There’s no way to avoid that completely. Especially Gear 360 tends to produce artifacts like lens flares and halos on the stitching lines. A good way to alleviate this issue is to make sure the sun is somewhere between the lenses and none of them is looking directly at it. Just rotate your camera to adjust this and remember that since this is a 360° photo, it doesn’t really matter in which direction your camera is rotated – everything around you will be visible anyway.

Keep the camera vertical

As a general rule, the camera needs to always be in a upright position. It shoudn’t be tilted backwards, forwards or to the sides. The horizon line needs to be perfectly… well, horizontal.

You will see that this is easier said than done, especially when you do handheld photos! The good news is that the rotation/tilt can be adjusted in post production, but you need specialized software to do this.

If you use a selfie stick, make sure to tilt its head a bit, then extend the stick and try to hold it in a way so the camera is always in a upright position.

Avoid close-ups

Objects that are close to the lens might get cut or distorted in stitching. This problem is more visible with the Samsung Gear 360 that has a bigger distance between the lenses, but Ricoh does it as well. Anything closer than one foot from the camera is at risk of being distorted.

If you want to do a close-up on an object and this object is relatively small, just make sure to place it in front of one of the lenses and not between them.

For the same reason, it’s best to avoid putting the camera directly on a table or on the ground. Always try to use a small tripod or a stand. If the ground is far enough from the lens, there will be no visible stitching errors.

Avoid Big Tripods

Tripods are great for traditional photography, but they do not work well for 360° for a simple reason: most of them have large bases, designed to hold a heavy DSLR camera. If you attach a Ricoh or a Gear 360 to that, the base will be visible in the photo and it will be huge. This is a problem similar to the “giant fingers” issue mentioned above.

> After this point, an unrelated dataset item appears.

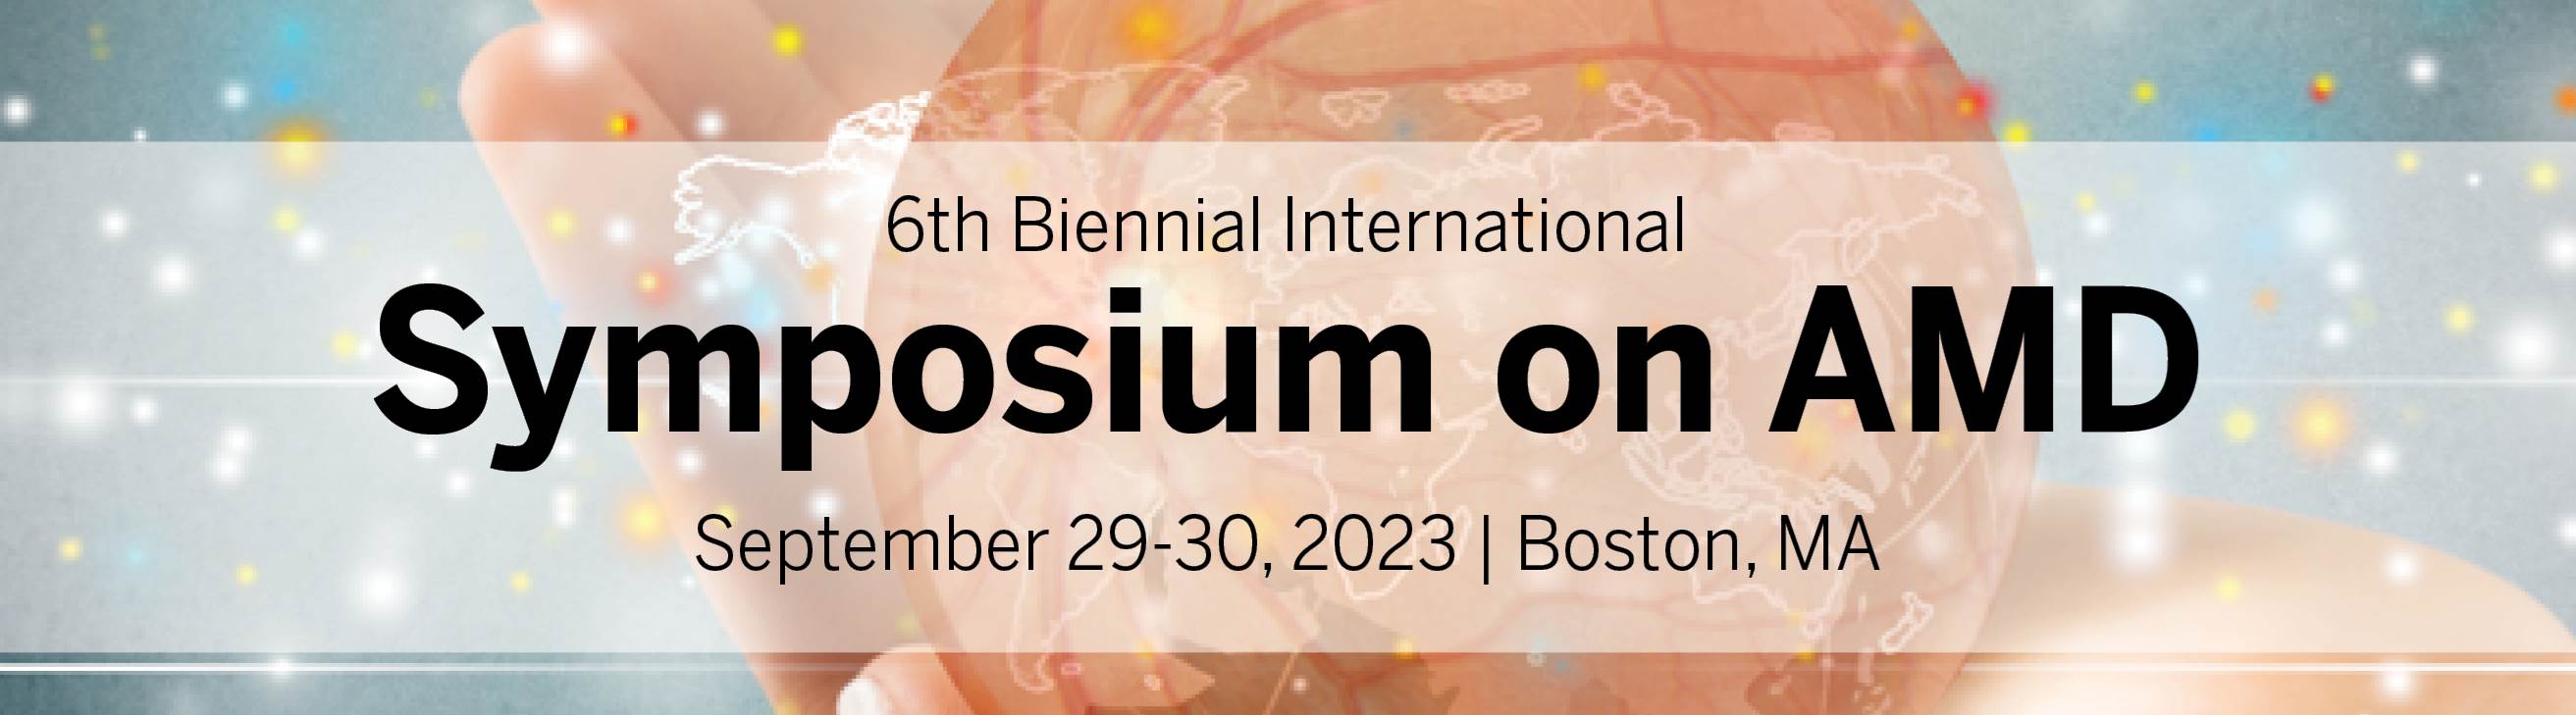 6th Biennial International Symposium on AMD

What’s even worse, a lot of tripods have a handle under the base used to adjust the position and rotation of the camera. Those handles of course are visible in a 360° photo and they look just terrible, so avoid tripods that have them!

Instead of a tripod, it’s better to use a monopod or even a simple light stand – anything that has the smallest head possible. We use a Neewer Light Stand which works well and is very inexpensive ($17 on Amazon).

Take less photos!

The final tip that is less technical and maybe a bit controversial  but we think it’s important.

We all love to travel, visit new places, go to galleries, concerts or just hang out with family and friends. Taking photos is a great way to save those good memories for later. However, with how easy it is to make digital photos these days, we take way too many of them! Instead of enjoying the moment, we are constantly holding our smartphones looking for the best shot. I’m guilty of that as any of you!

I think 360° photos can help us with that. One of the best features of 360° photos is how much context a single picture has. You can literally have a selfie, a food pic, a landmark photo and all your friends around you – all that in a single shot! So instead of snapping hundreds of regular photos, take just a few 360°s and it will be good enough. Use the extra time to relax and enjoy whatever you are doing!